​​AI Hallucinations: Why the Tech Makes Stuff Up — And What You Can Do About It

AI is now being used in our everyday life and work — doing research, writing emails, summarizing reports, even tutoring kids. But there’s one growing concern bubbling below the idyllic machine surface: AI hallucinations.

Haven’t heard of them? Well, these are moments when AI confidently produces false or misleading information, while sounding completely convincing as it does it. And that’s because there’s a super important distinction between generating content and answering questions.

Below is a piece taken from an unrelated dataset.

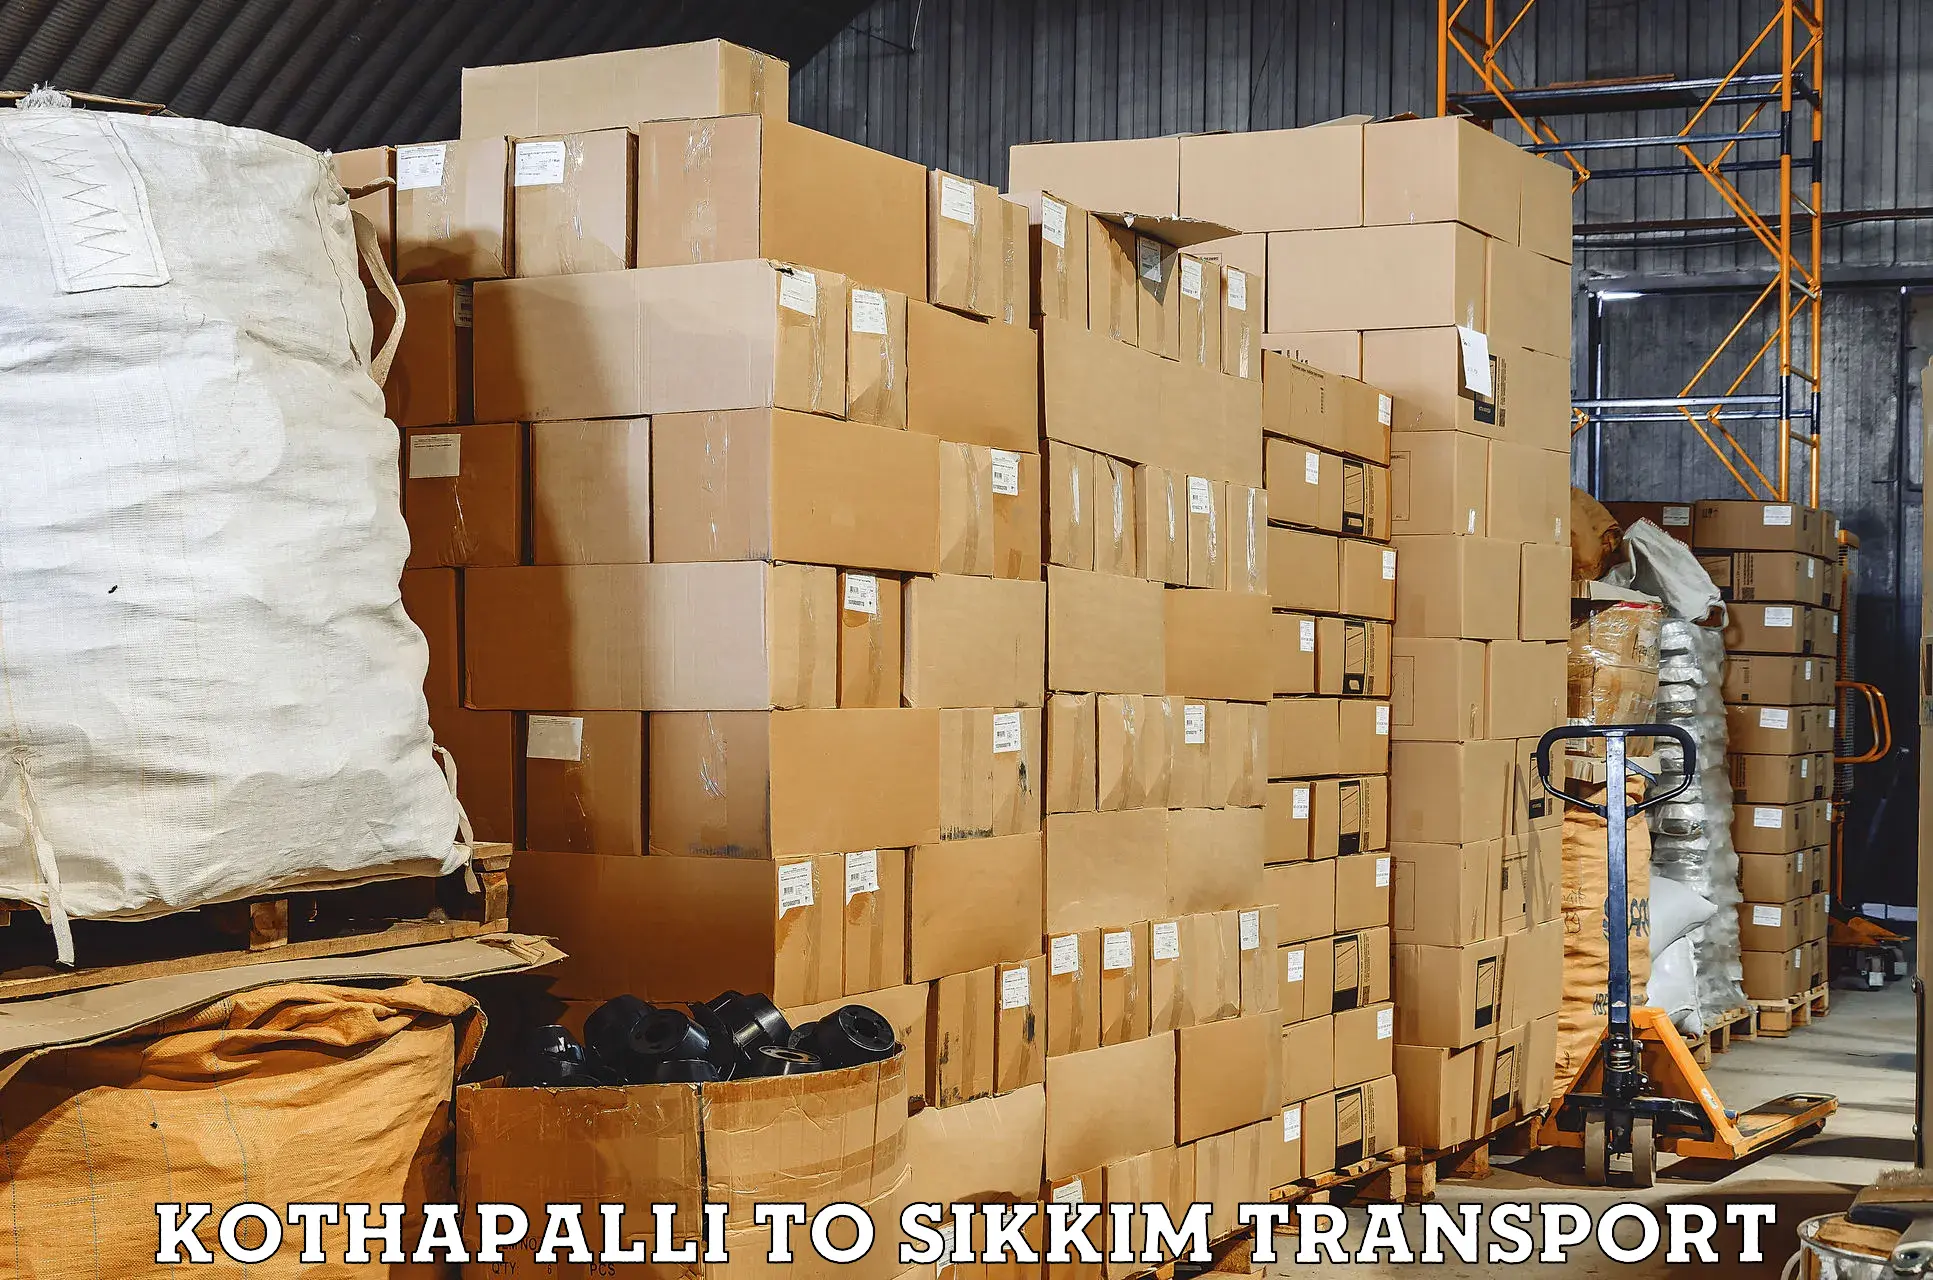 Furniture transport service Kothapalli to Geyzing

From inventing academic citations to rewriting the rules of chess, hallucinations reveal the very human-like flaws of these seemingly superhuman tools.

So why do hallucinations happen? How often can you expect them and what can you do about it? Here’s what we know.

What Are AI Hallucinations?

When an AI model “hallucinates” it means it provides inaccurate, fabricated, or nonsensical information while still sounding plausible. And it’s not an error in coding or hardware — it’s a byproduct of how large language models (LLMs) are built.

To put it simply, these systems (ChatGPT, Claude, Gemini, etc.) will predict the most likely next word or phrase based on massive amounts of data they’ve been trained on. But that prediction engine doesn’t actually know if what it's generating is 100% true. When the system is unsure — or given a vague or unsolvable request — it might just make something up.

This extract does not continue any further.